Using the selfJoin() Function

The selfJoin() function enables efficient collation of information within a repository by executing two queries and joining them on a common field, similar to a traditional join operation but specifically designed for shared command fields. Through practical examples using connection data with source and destination addresses, the documentation demonstrates how selfJoin() can effectively summarize information across connection IDs, offering better performance than groupBy() for larger datasets.

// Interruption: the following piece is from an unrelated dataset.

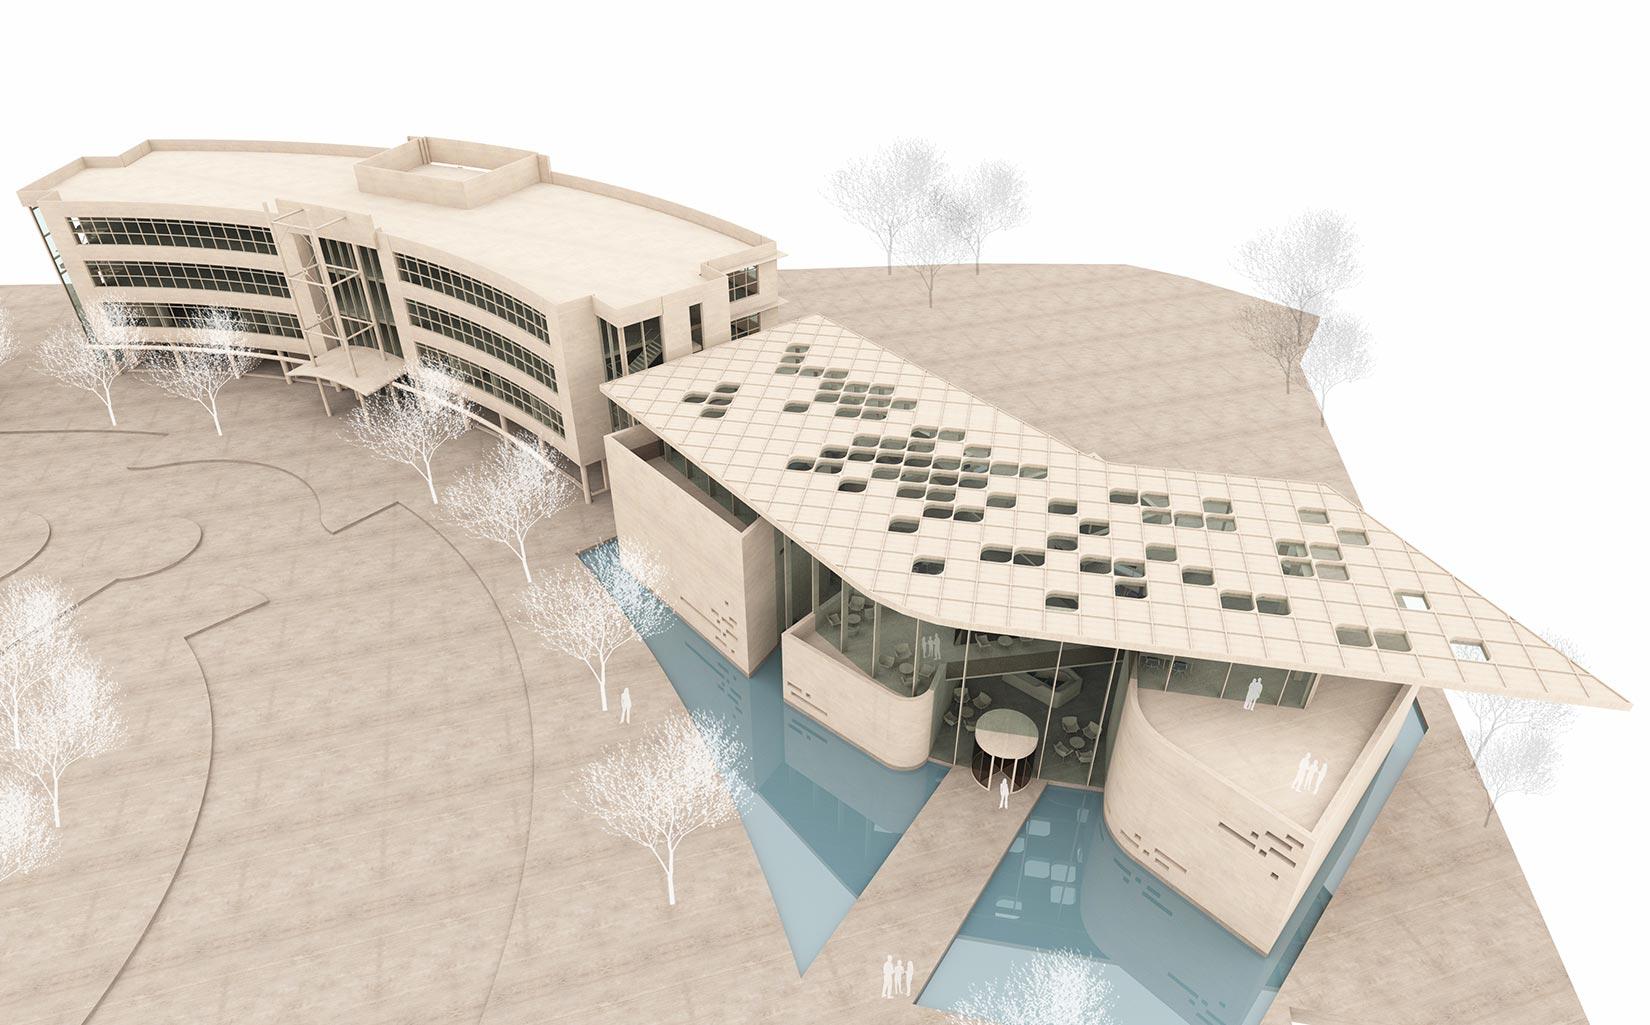 B. Braun Innovation, Communication & Education Centre, Sheffield, Concept Model Aerial

The selfJoin() function does not perform a join in the traditional sense, but is designed to collate information from a repository within a query where they share a command field.

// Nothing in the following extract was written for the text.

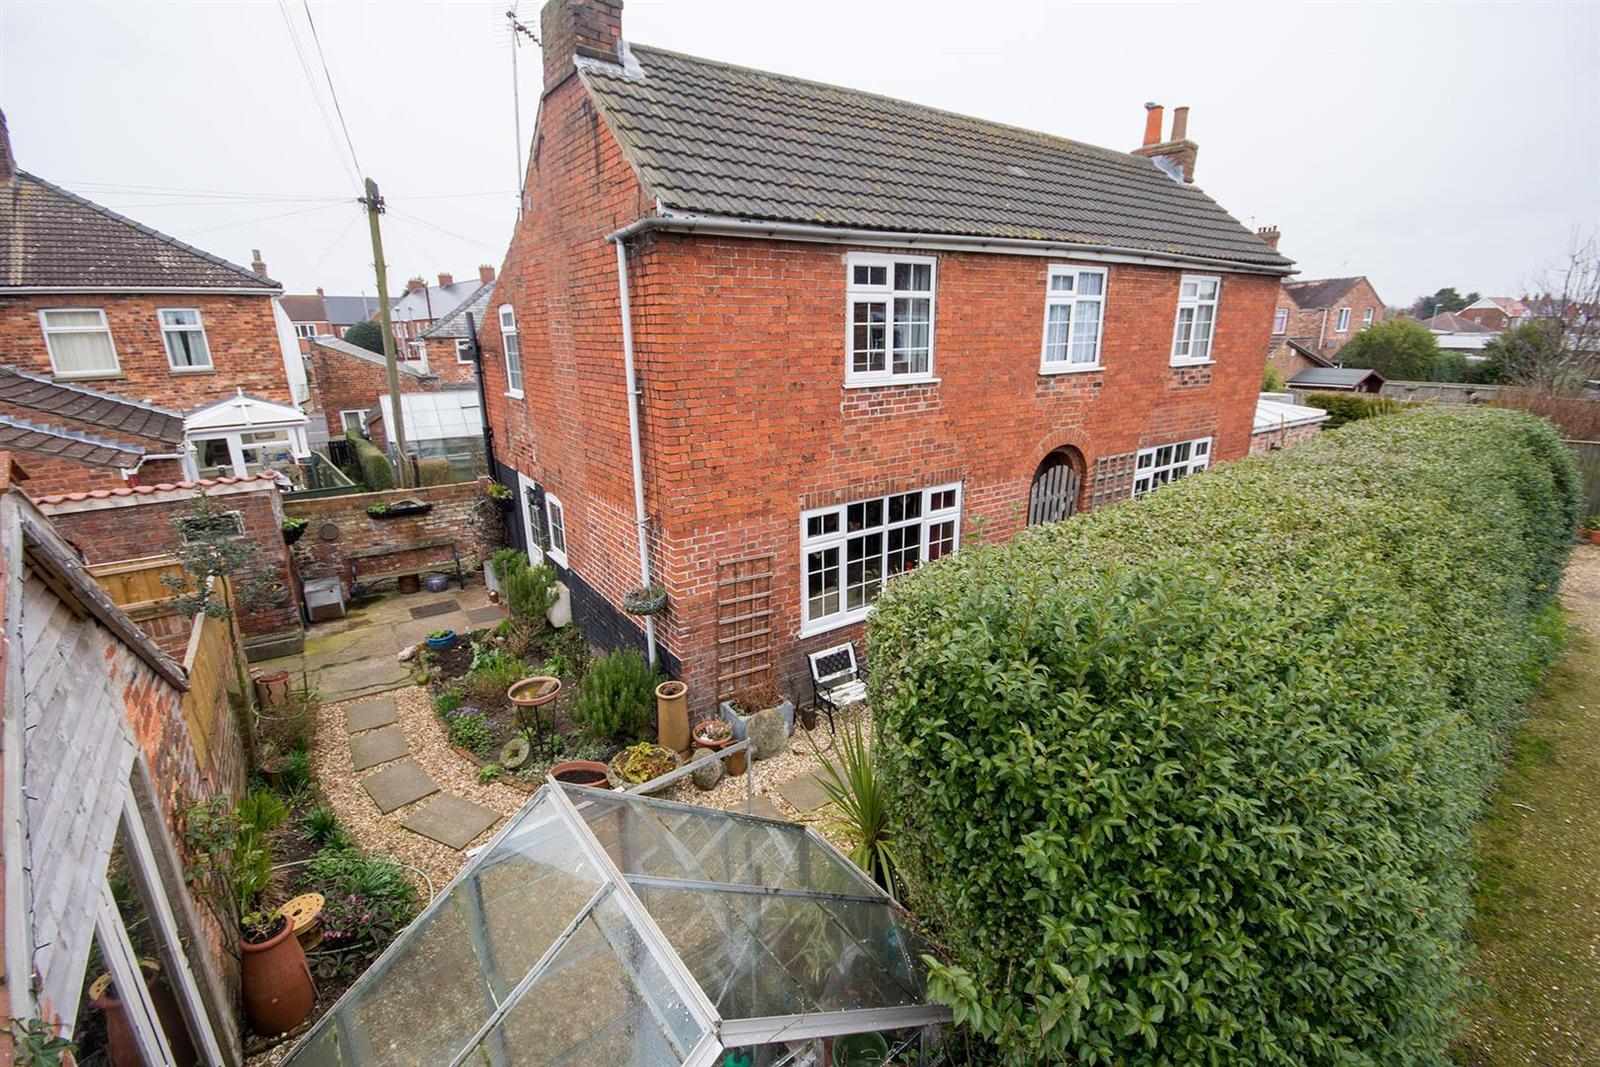 4 Bedrooms Property for sale in Reynard Street, Spilsby

selfJoin() executes two queries, the primary query and subquery, and joins on a common field (specified by the field parameter) between the two queries in a similar fashion to join().

For example, given input data the includes the source and destination address for connections and a common connection ID:

Raw Events
from=192.168.1.15 to=10.0.0.22 connid=b36ecce120f181c6e79560c3160dd950
from=192.168.1.11 to=10.0.0.0 connid=532d011f0a5bf80e9b346e9e0dccbd0b
from=192.168.1.6 to=10.0.0.9 connid=d8b674841c6fc75f24572ccd6c9e92ea
from=192.168.1.20 to=10.0.0.11 connid=7fb64aeef6f08fd2f2724c07540adb02
from=192.168.1.14 to=10.0.0.7 connid=d8b674841c6fc75f24572ccd6c9e92ea
from=192.168.1.230 to=10.0.0.203 connid=2057644393c7ff4636d6911bfb674729
from=192.168.1.3 to=10.0.0.17 connid=1644bdaa1cad36b146955e09e0ac0319
from=192.168.1.11 to=10.0.0.13 connid=cd244fc908fb252f9a8ee5e1eb4f4d5c
from=192.168.1.22 to=10.0.0.5 connid=7b5ff133f72d6d5772f72d5db9fc5978
from=192.168.1.21 to=10.0.0.16 connid=fa59f655637787487486ab6a39c6c76e
from=192.168.1.15 to=10.0.0.0 connid=4f69ae37daf6f0f3c12cee4f0349201a
from=192.168.1.24 to=10.0.0.22 connid=b4454f0cca4d4d57f808bdc97db0cb4f
from=192.168.1.10 to=10.0.0.22 connid=904f87cd6281192c8ce4baacee1bf0c2
from=192.168.1.12 to=10.0.0.20 connid=305bb06e3a1c58a1806136b1de4a659b

The following query will summarize the information for source and destination across the connection ID:

logscale
selfJoin(field=connid,where=[{from="192.168.1.7"},{to="10.0.0.12"}])

This would output the following result:

connid
262565314144352e22375b816abbcd3c
55d29bf268390a96fc6891f8f5f3fb35
7b5ff133f72d6d5772f72d5db9fc5978
9ea512baa6655f0e27f247650f36aca5
bbad6ec69d8cc416aaefc229452586a3
cd244fc908fb252f9a8ee5e1eb4f4d5c

This process can be more efficient than using a groupBy() for larger datasets.